Supplied material Block Start

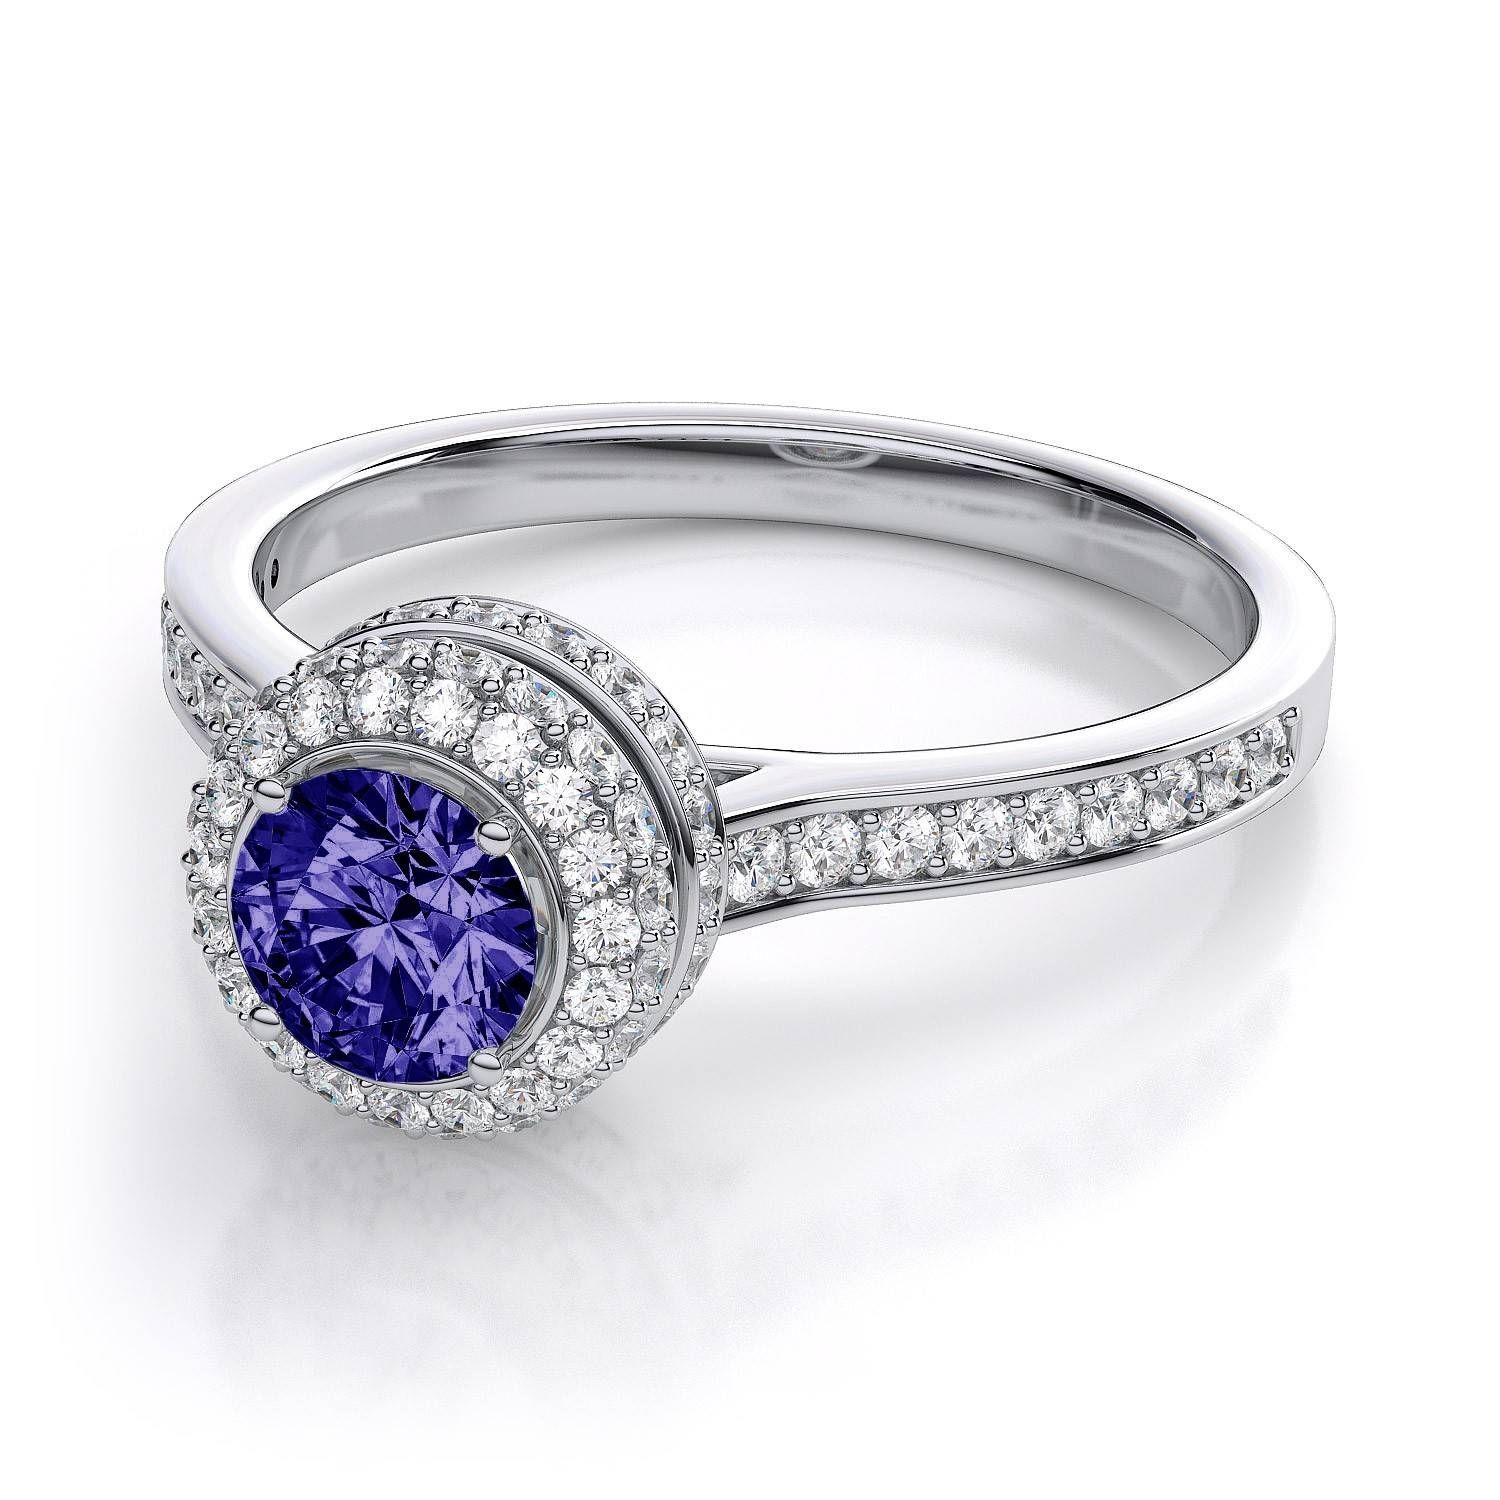 Cirque Halo Tanzanite And Diamond Engagement Ring In 14k White Gold Throughout White Gold Tanzanite Engagement Rings (View 6 of 15)
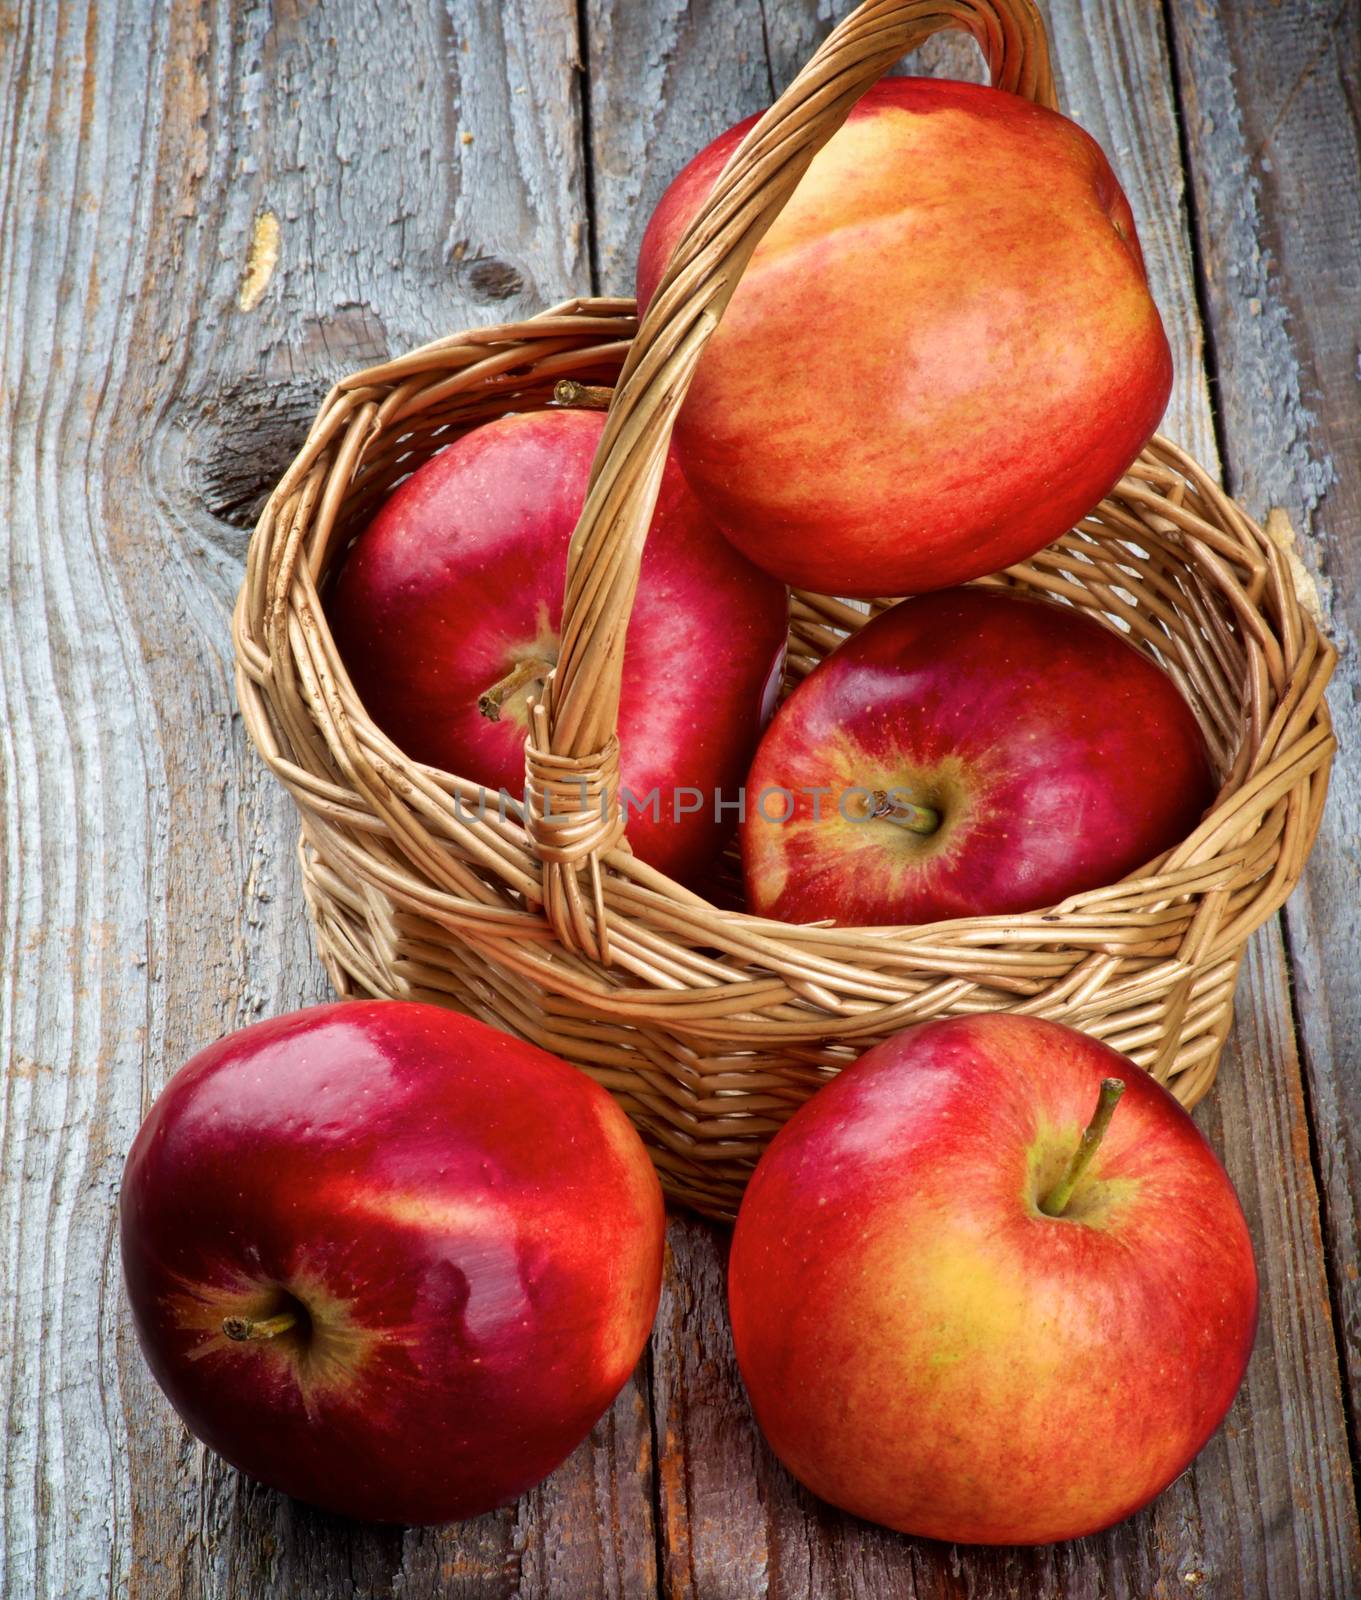 Apples Red Delicious by zhekos
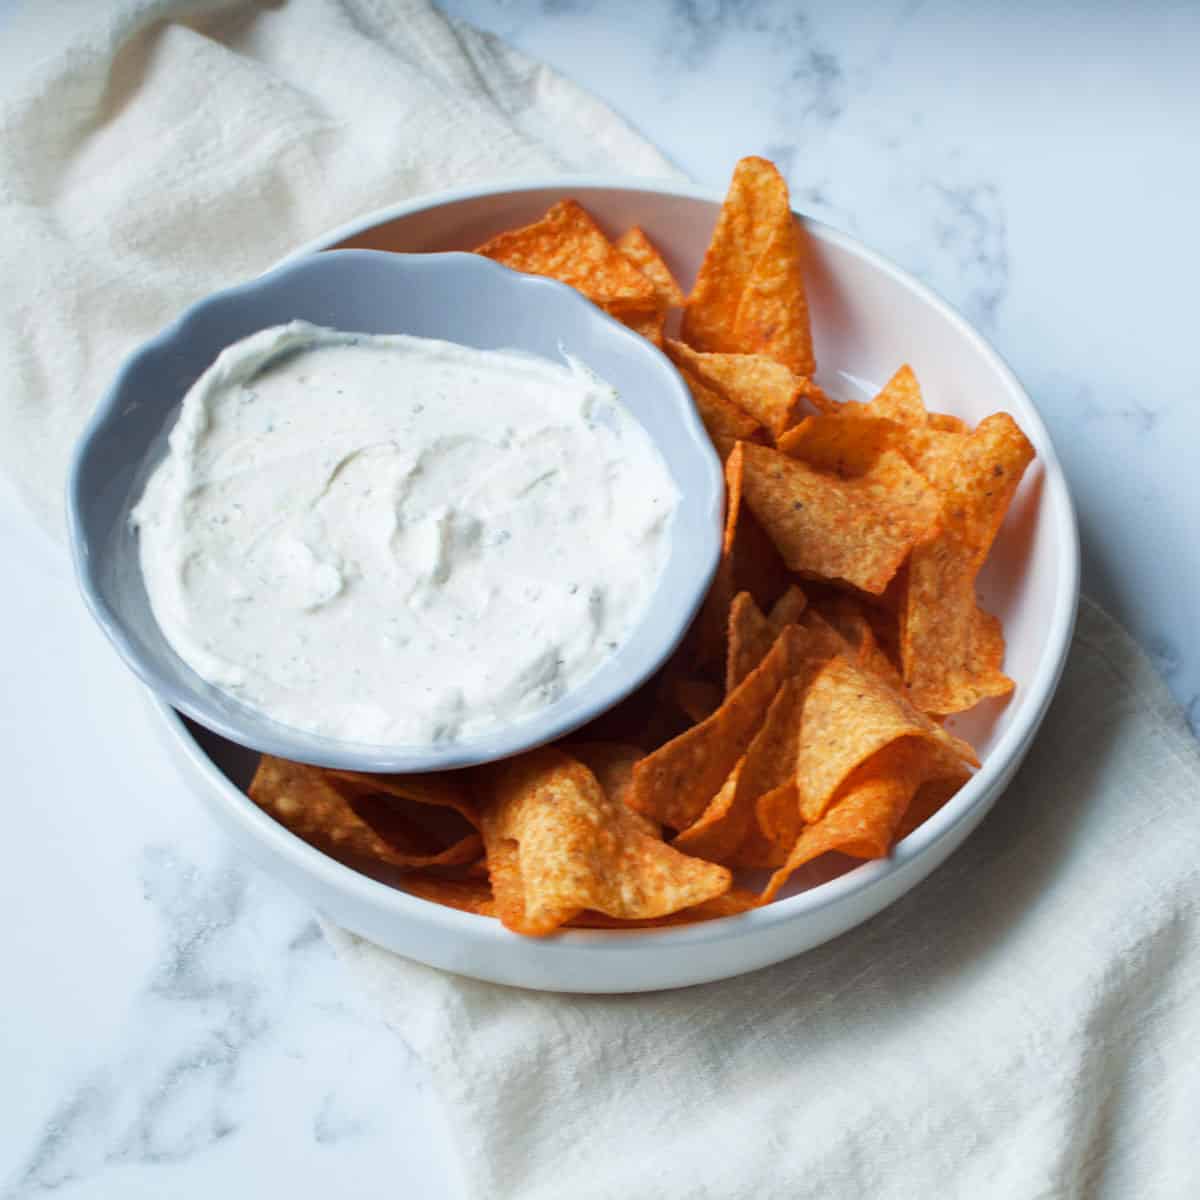 Dip for doritos in a gray bowl surrounded by doritos in a white bowl

Supplied material Block End

### Problem to work on:
Exact copy, no pictures: reproduce the whole listing above.

### Written solution:
 Cirque Halo Tanzanite And Diamond Engagement Ring In 14k White Gold Throughout White Gold Tanzanite Engagement Rings (View 6 of 15)
 Apples Red Delicious by zhekos
 Dip for doritos in a gray bowl surrounded by doritos in a white bowl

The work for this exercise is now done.